Each machine would be connected as quickly as possible to the Cloud, sucking up enormous amounts of data that you could then throw into a Data Lake and find some new value, creating the so-called “Data is the new oil” paradigm shift.

Some efficiencies were found, amongst others, a quick move of IT environments to the Cloud for those who dared. Robotics and automation devices had already made a massive dent in the industrial world, and this technology expansion simply expanded.

The big goal of mainstream industry 4.0 adoption was to create a “Cyber-Physical” System: a Digital system connected to the physical world, sometimes called Digital Twins, depending on the marketing name you want to choose! This buzzword came with the promise that adopting these technology solutions would help drive efficiency, scalability, and near-real-time visibility into globally distributed manufacturing operations.

The main problem of this paradigm is that People were perceived as a considerable part of the costs and considered inefficient, and a goal of Industry 4.0 became replacing the people behind many manufacturing processes.

So, has the industry achieved Industry 4.0 goals, and are they ready for Industry 5.0?

The automotive industry presents the strongest example. They’ve come a long way due to increased competition, green tech evolution, reduced margins, and other parameters. Most other sectors will be more hesitant to answer the question. Even in this industry, it’s become abundantly clear that adopting Industry 4.0 in its fullest vision could be prohibitively costly and not a worthwhile investment for many manufacturers.

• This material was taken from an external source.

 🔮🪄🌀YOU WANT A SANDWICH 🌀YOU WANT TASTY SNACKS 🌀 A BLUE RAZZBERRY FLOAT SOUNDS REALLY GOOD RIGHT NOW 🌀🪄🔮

One of the visible markers of Industry 4.0 is the wide usage of autonomous robots, autonomous warehousing, and the like. Some of the highest profile and most technology-enabled manufacturers have struggled with removing humans from the equation. Elon Musk, the CEO of Tesla Motors described their attempts at building one of the most advanced factories in the world as a “manufacturing hell” due to an initial over-reliance on machines replacing humans. Sometimes nothing can beat a person for flexibility and hands on intelligence.

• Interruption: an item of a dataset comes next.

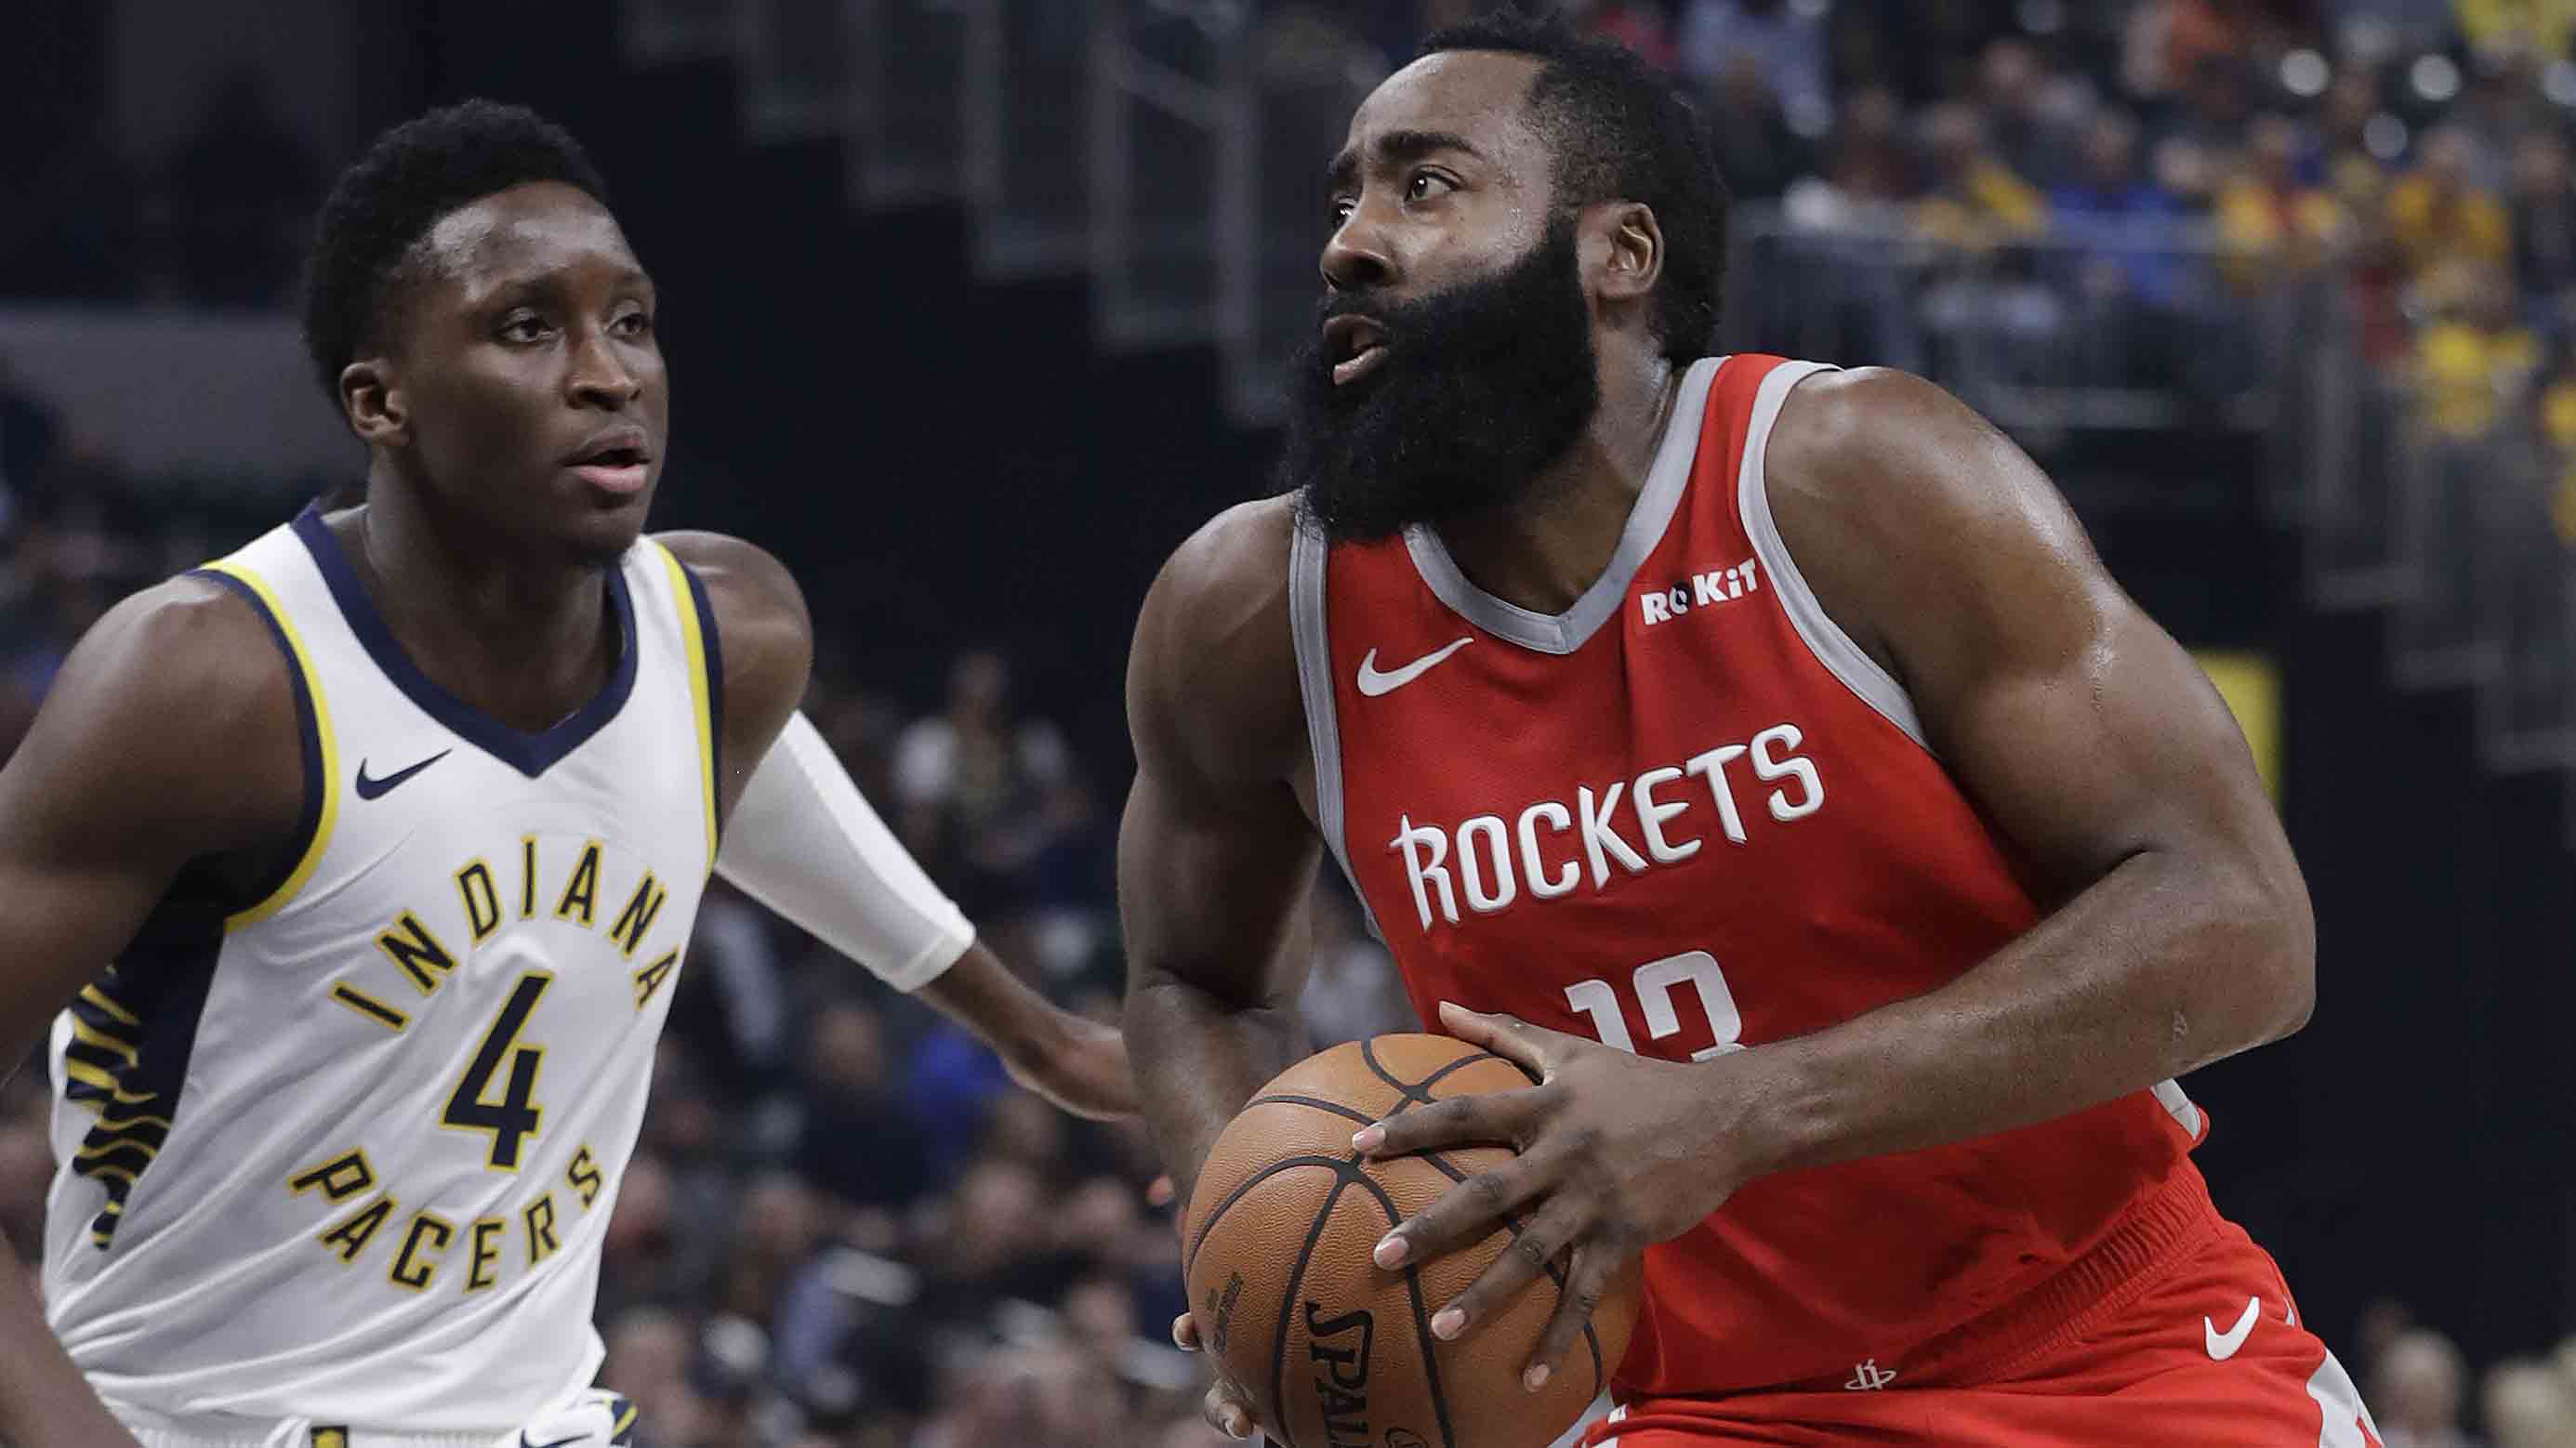 Pacers battle with Rockets but Houston pulls away with 98-94 win

This struggle should not mean a failing to take advantage of the Cloud, Data Collection, and, most of all, getting the right data to the right person at the right time. Some of the greatest opportunities presented by Industry 4.0 lie in these areas, but raise the question: even if you are collecting all of this data, how can you even make sense of it, work around it, and make it actionable? How can you fully replace skilled people, their creative problem-solving abilities, and their capacity to quickly respond to a changing environment?

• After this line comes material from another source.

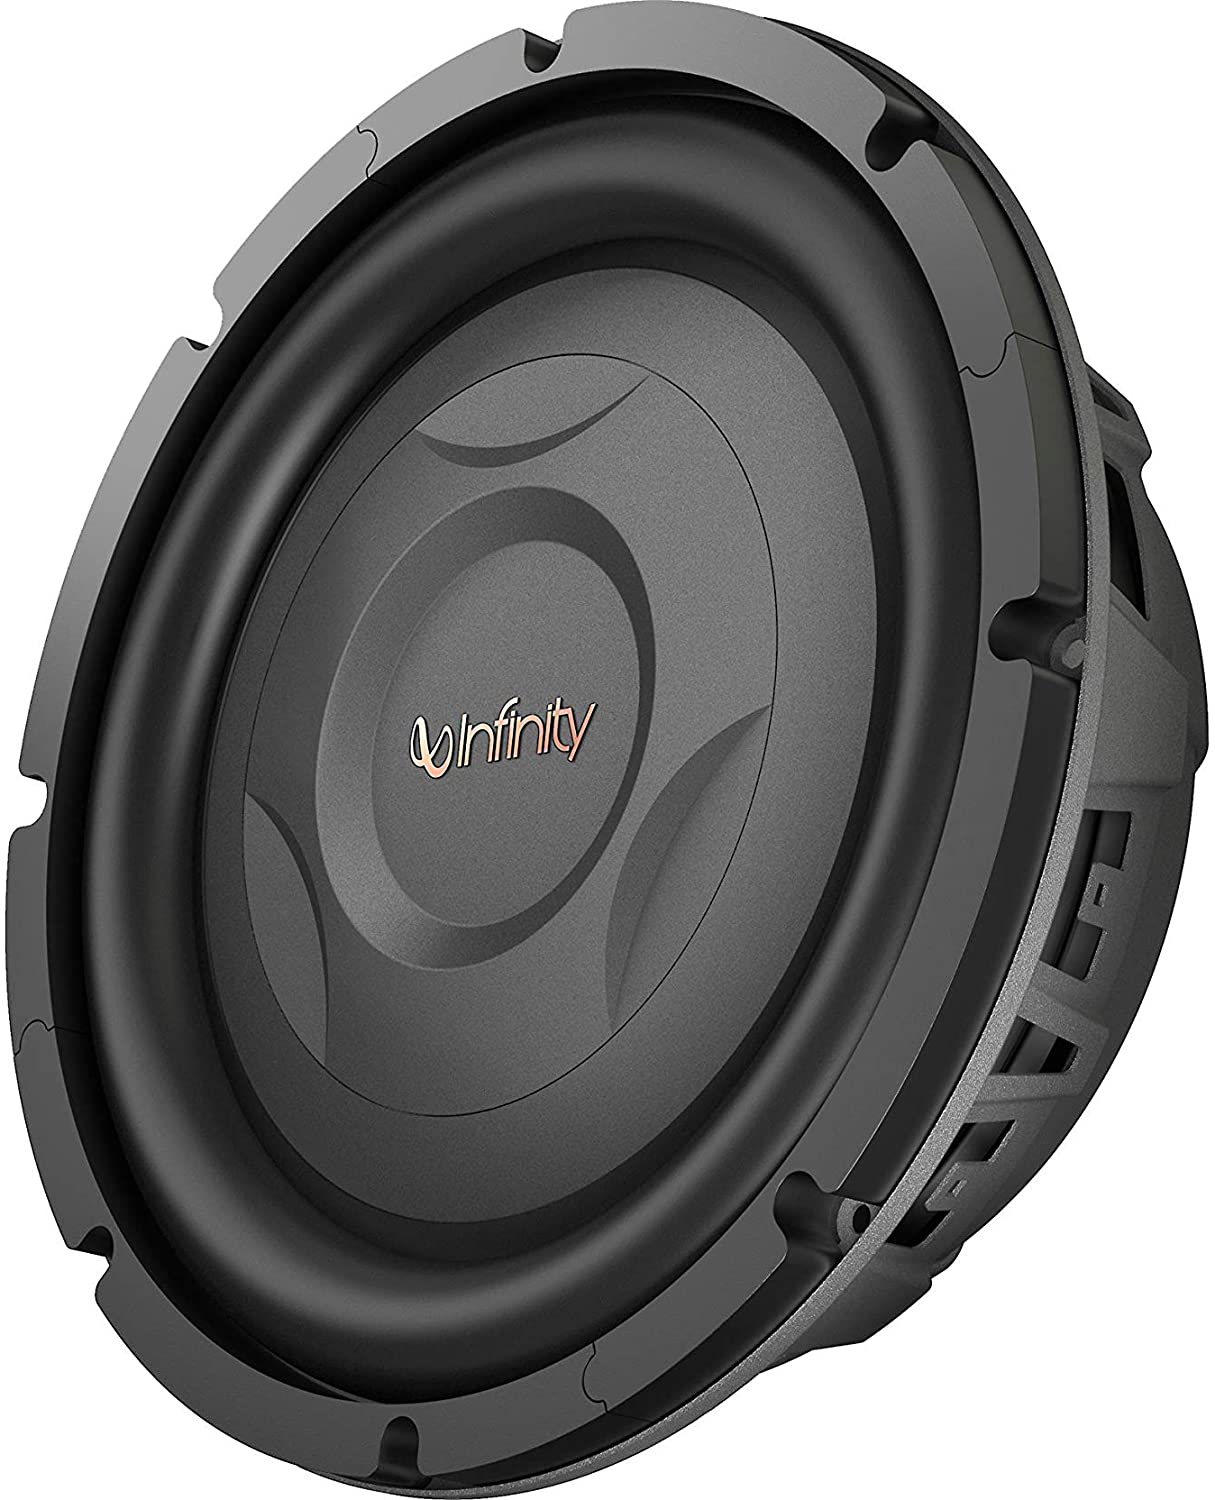 Infinity REF1000S Shallow Mount Subwoofer Best Shallow Mount 10 inch Subwoofer

It turns out these 4.0 technologies work excellently for improving efficiency and scalability for producing high volumes of simple and identical goods, however, the nature of factories is changing. The industry no longer competes on cost for high-volume and low-mix, ideally suited to Robotics and Automation. New players were entering the market with greenfield technology, and new market needs required a different delivery mechanism: a connected and enabled person.